# ENTRIES SHOWN
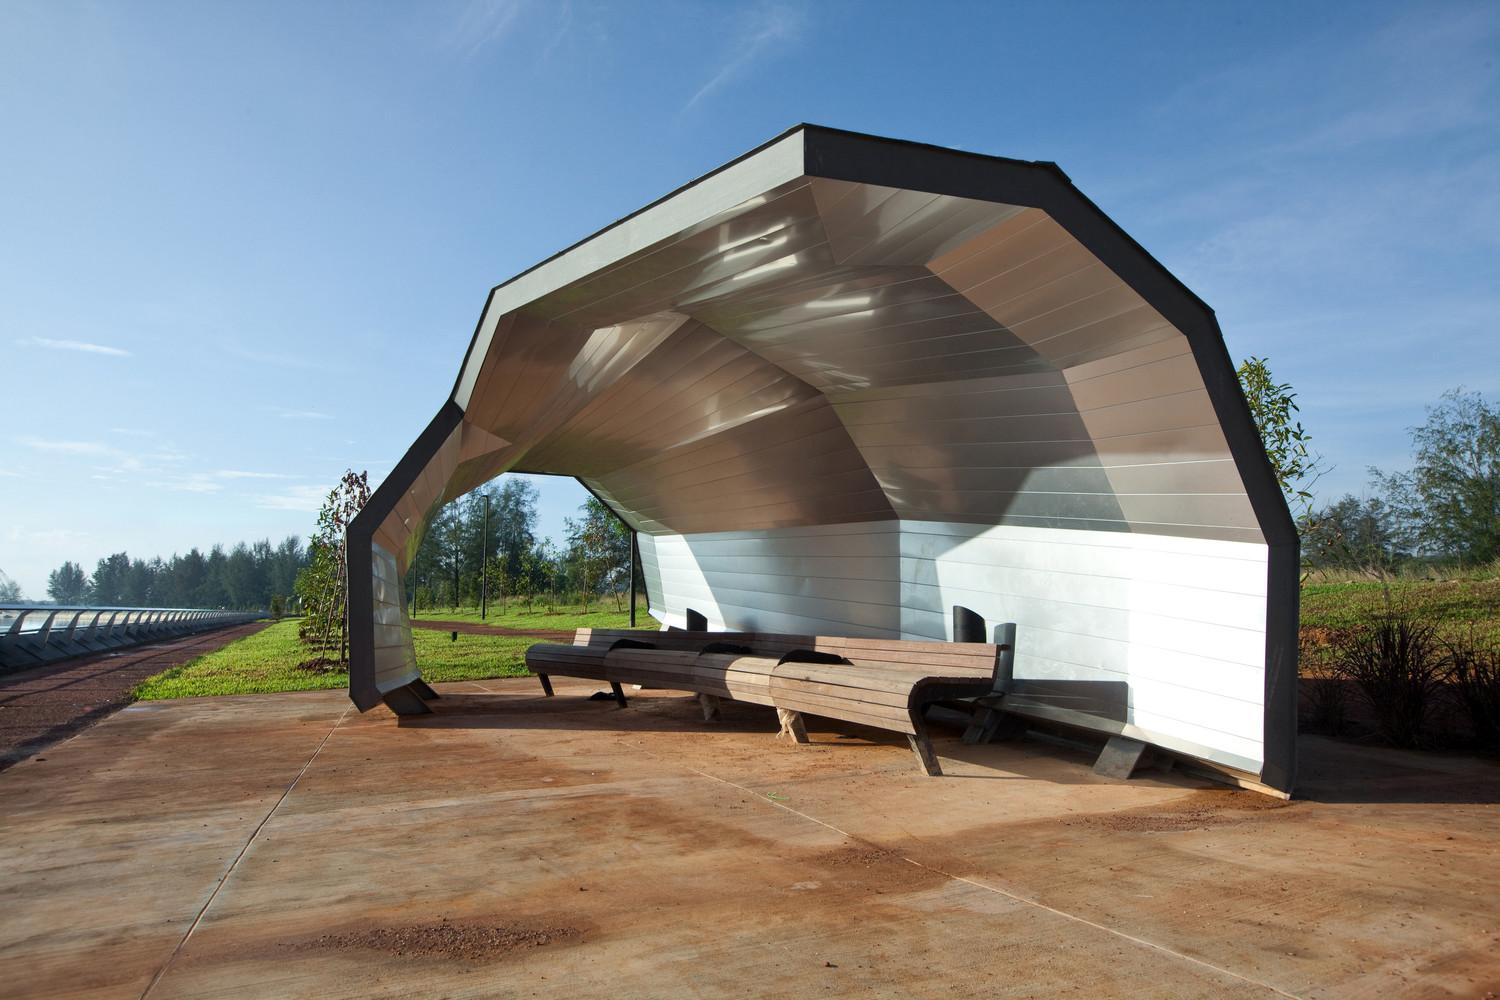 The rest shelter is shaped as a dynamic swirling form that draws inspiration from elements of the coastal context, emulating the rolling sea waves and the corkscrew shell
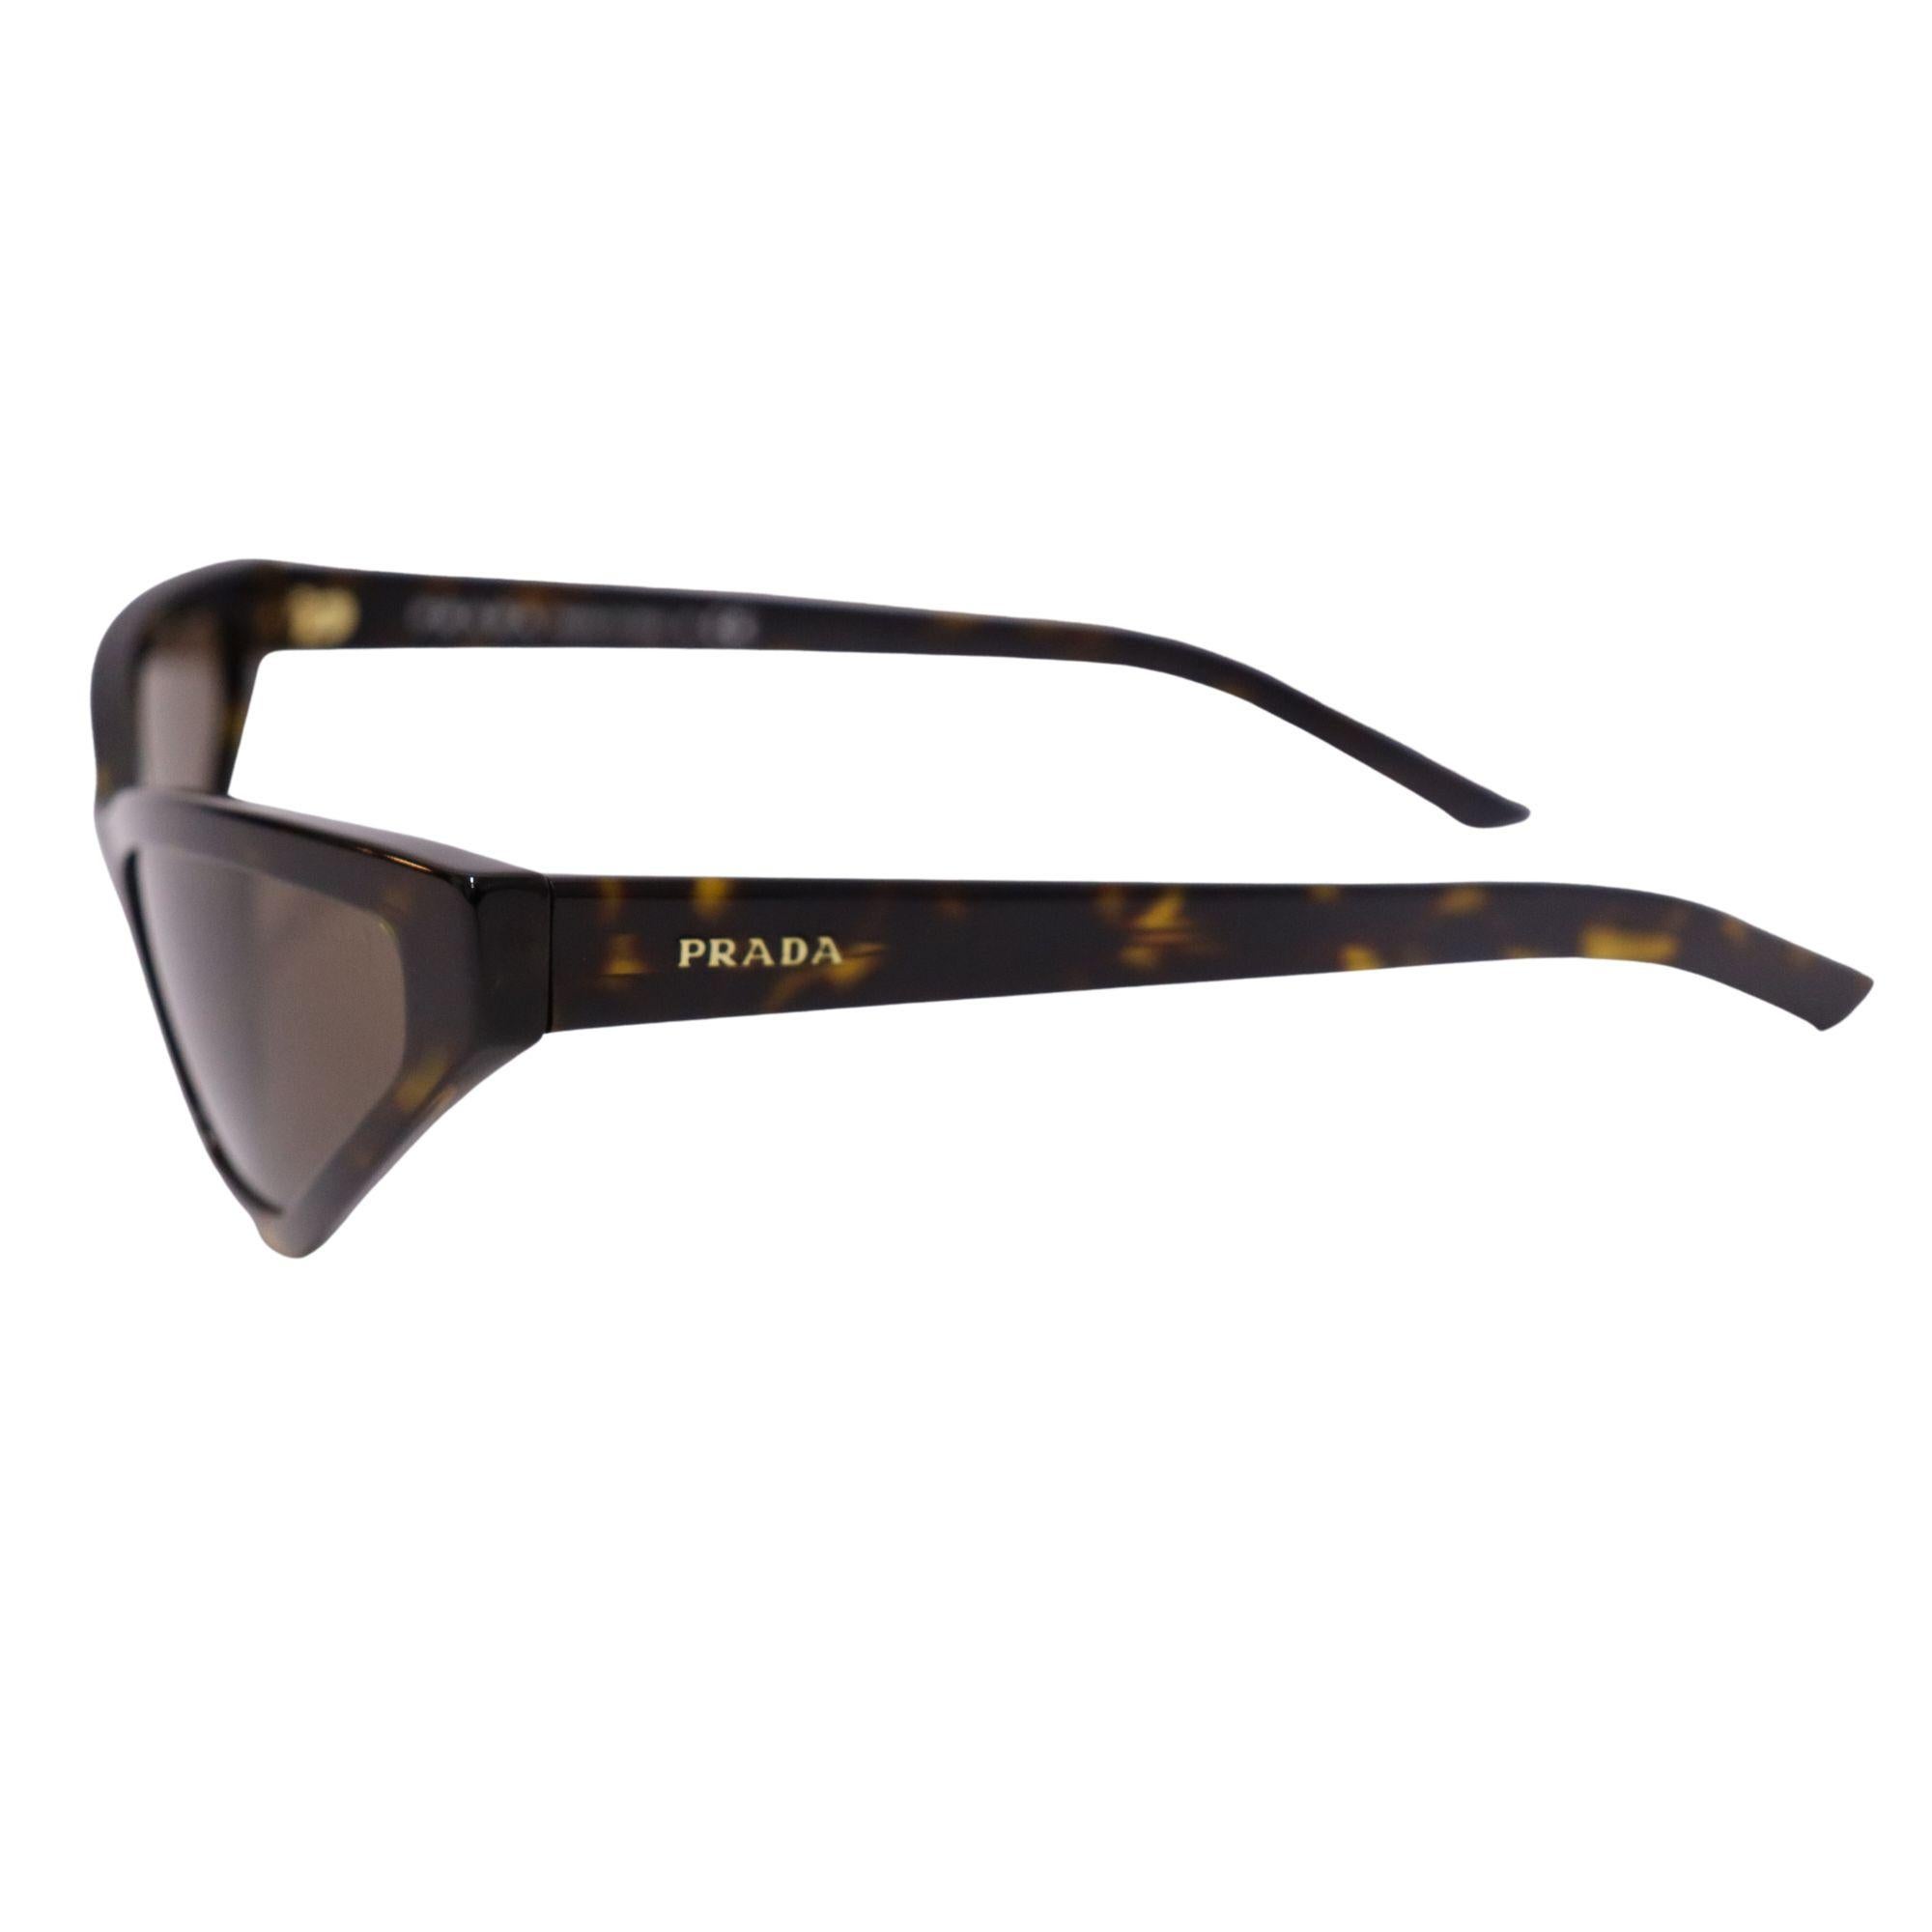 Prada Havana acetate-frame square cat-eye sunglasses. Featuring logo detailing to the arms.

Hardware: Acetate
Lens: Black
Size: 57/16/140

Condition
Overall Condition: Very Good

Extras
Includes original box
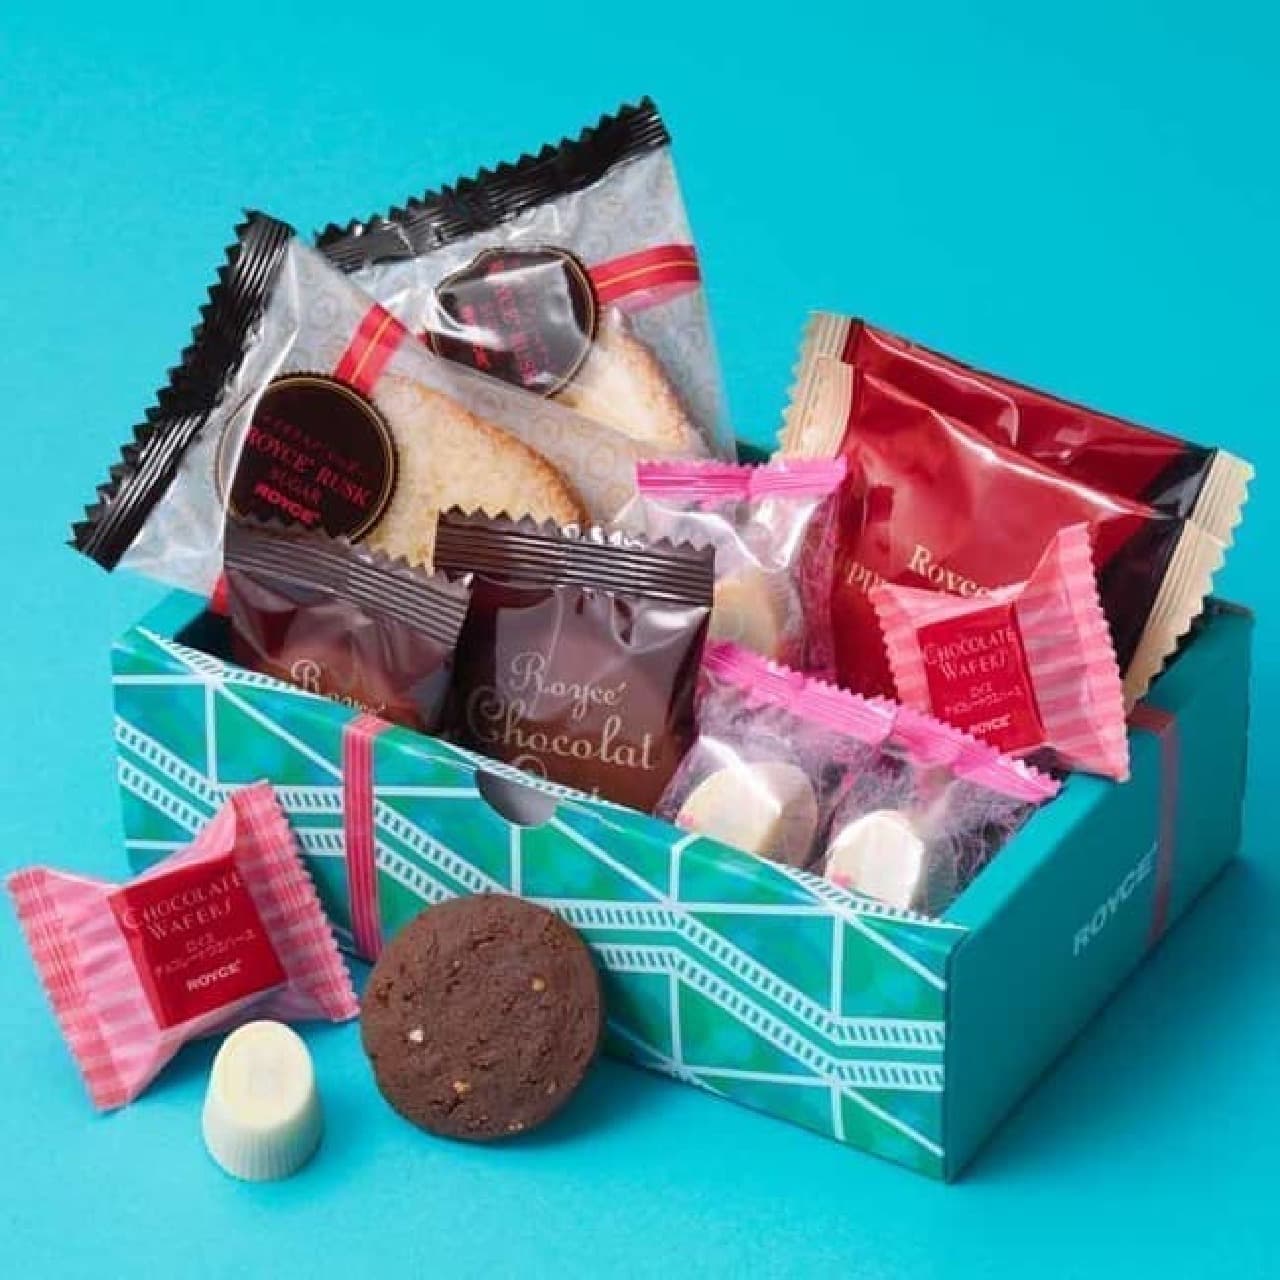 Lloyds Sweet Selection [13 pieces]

# PROBLEM TO WORK ON
Exclude the images and output the lines above exactly.

# WRITTEN REPLY
 The rest shelter is shaped as a dynamic swirling form that draws inspiration from elements of the coastal context, emulating the rolling sea waves and the corkscrew shell
 Prada Havana acetate-frame square cat-eye sunglasses. Featuring logo detailing to the arms.

Hardware: Acetate
Lens: Black
Size: 57/16/140

Condition
Overall Condition: Very Good

Extras
Includes original box
 Lloyds Sweet Selection [13 pieces]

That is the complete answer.